The present invention has been described with reference to the specific embodiments thereof, which are merely used to help the understanding of the invention and are not intended to limit the invention. For the person skilled in the art to which the invention pertains, several simple derivations, variations or substitutions can be made in accordance with the inventive concept.

technical problem The solution to the problem is the beneficial effect of the invention

Claims

Claim

 [Claim 1] A front projection screen, comprising: an imaging layer (10) pressed one by one by a plurality of basic imaging units (20), wherein the plurality of basic imaging units are concentric arcs; The basic imaging unit (20) includes, in order from the inner ring to the outer ring, a first transmission layer (201) for transmitting light and a reflection layer (203) for reflecting light, and the reflection layer (203) is high in front.
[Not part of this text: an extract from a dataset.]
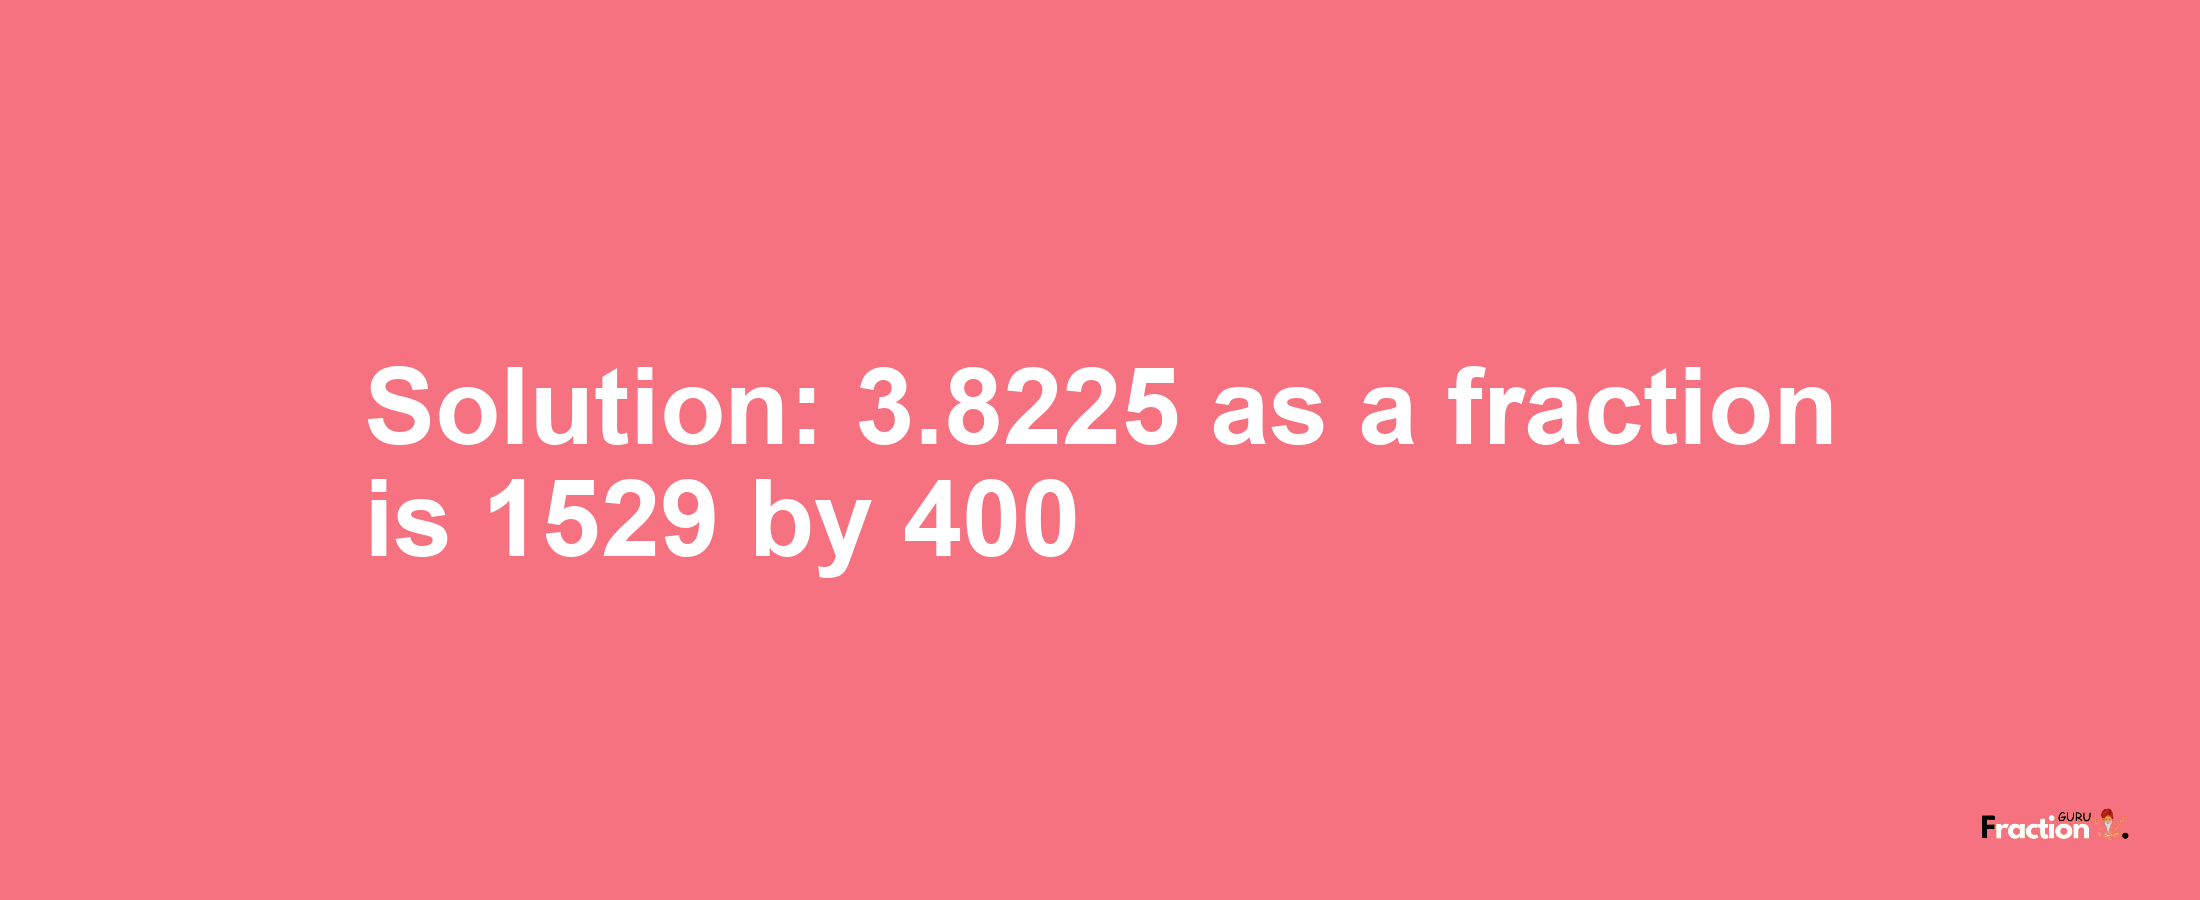 Solution:3.8225 as a fraction is 1529/400

Low tilt setting.

 [Claim 2] The front projection screen of claim 1, further comprising a scattering layer (202) disposed between the first transmission layer (201) and the reflective layer (203) for scattering light

[Claim 3] The front projection screen according to claim 2, wherein the basic imaging unit (2)
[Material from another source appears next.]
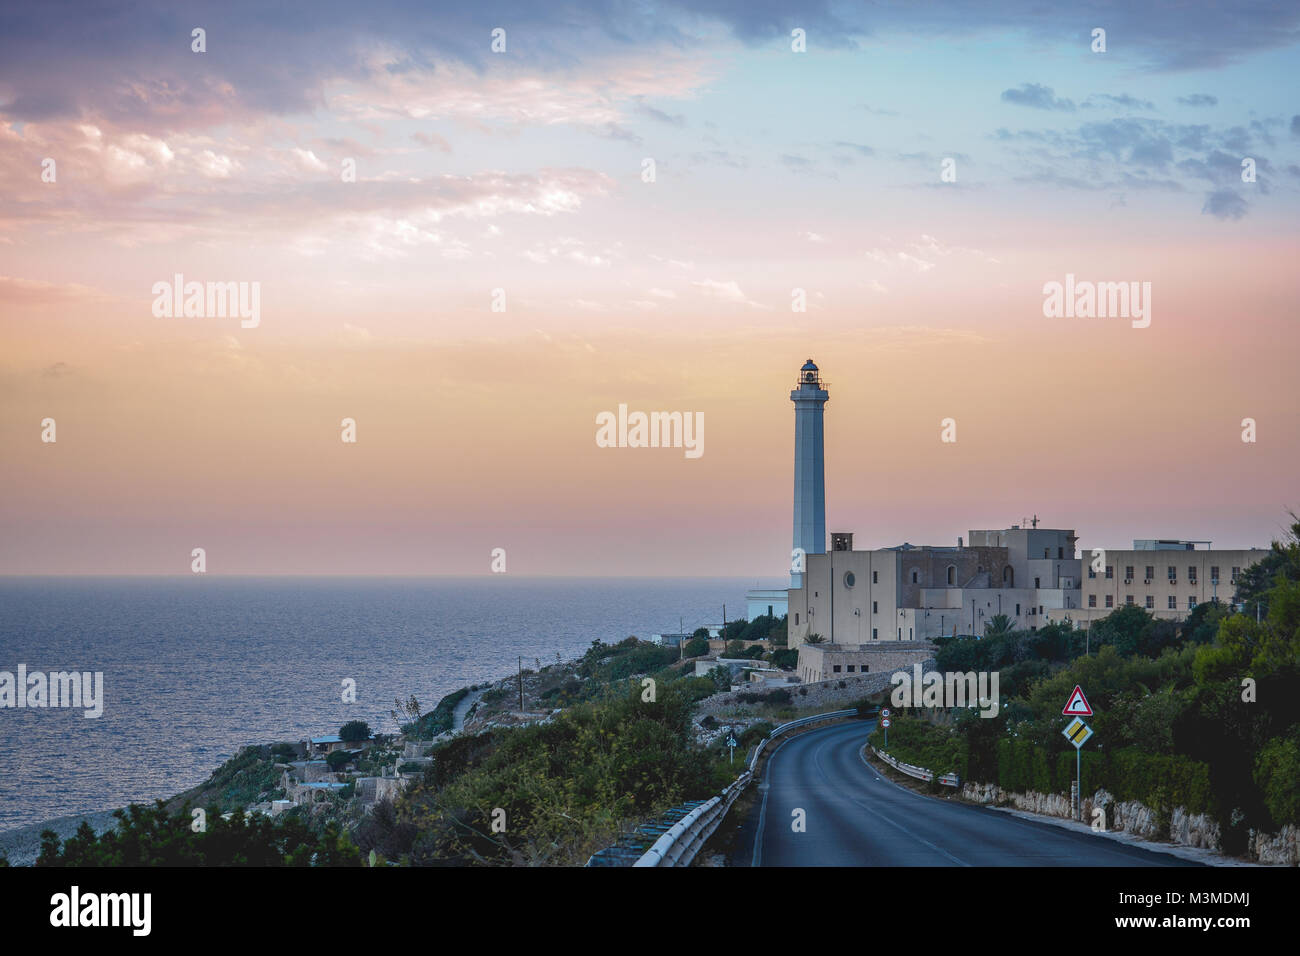 Santa Maria di Leuca (Italy), August 2017. View of the iconic lighthouse in Leuca, along the Apulian coast at sunset. Landscape format. Stock Photo

 0) further comprising a first absorbing layer (204) for absorbing light, the scattering layer (202) and the first absorbing layer (204) being disposed on opposite sides of the reflective layer (203), respectively.

[Claim 4] The front projection screen of claim 1, further comprising an imaging layer

 (10) A second absorbing layer (30) for absorbing light on the side facing away from the image light.

[Claim 5] The front projection screen of claim 1, further comprising an imaging layer

 (10) A second transmission layer (40) for transmitting light away from the side of the image light.

[Claim 6] The front projection screen according to claim 1, further comprising an imaging layer

 (10) The anti-ambient light reflecting layer (50) on the side of the image light.

[Claim 7] The front projection screen according to claim 1, wherein the first transmission layer (201)

 ) Highly transmissive glass materials are used.

[Claim 8] The front projection screen according to claim 1, wherein the reflective layer (203) is a specular reflection layer.

 [Claim 9] The front projection screen according to claim 6, wherein the anti-ambient light reflecting layer

 (50) AR film or anti-glare film.

The front projection screen according to any one of claims 1 to 9, wherein the front projection screen is rectangular; the center of the basic imaging unit (20) is located on the center line of the bottom edge of the front projection screen. And located on or under the bottom edge of the front projection screen.

[Claim 11] The front projection screen according to claim 10, wherein the reflective layer (203) The front height is high and the low tilt is set. The horizontal direction (401) has an acute angle (A). On the same radius (102) through the center of the circle, in the imaging layer (10), the reflective layer (2 03) is The angle (A) in the horizontal direction gradually decreases from the inner ring to the outer ring.

[Claim 12] The front projection screen according to claim 11, wherein the same basic imaging unit (

 In the 20), from the center line (101) at the bottom of the front projection screen to the sides of the front projection screen, the angle (A) of the reflection layer (203) with the horizontal direction gradually increases.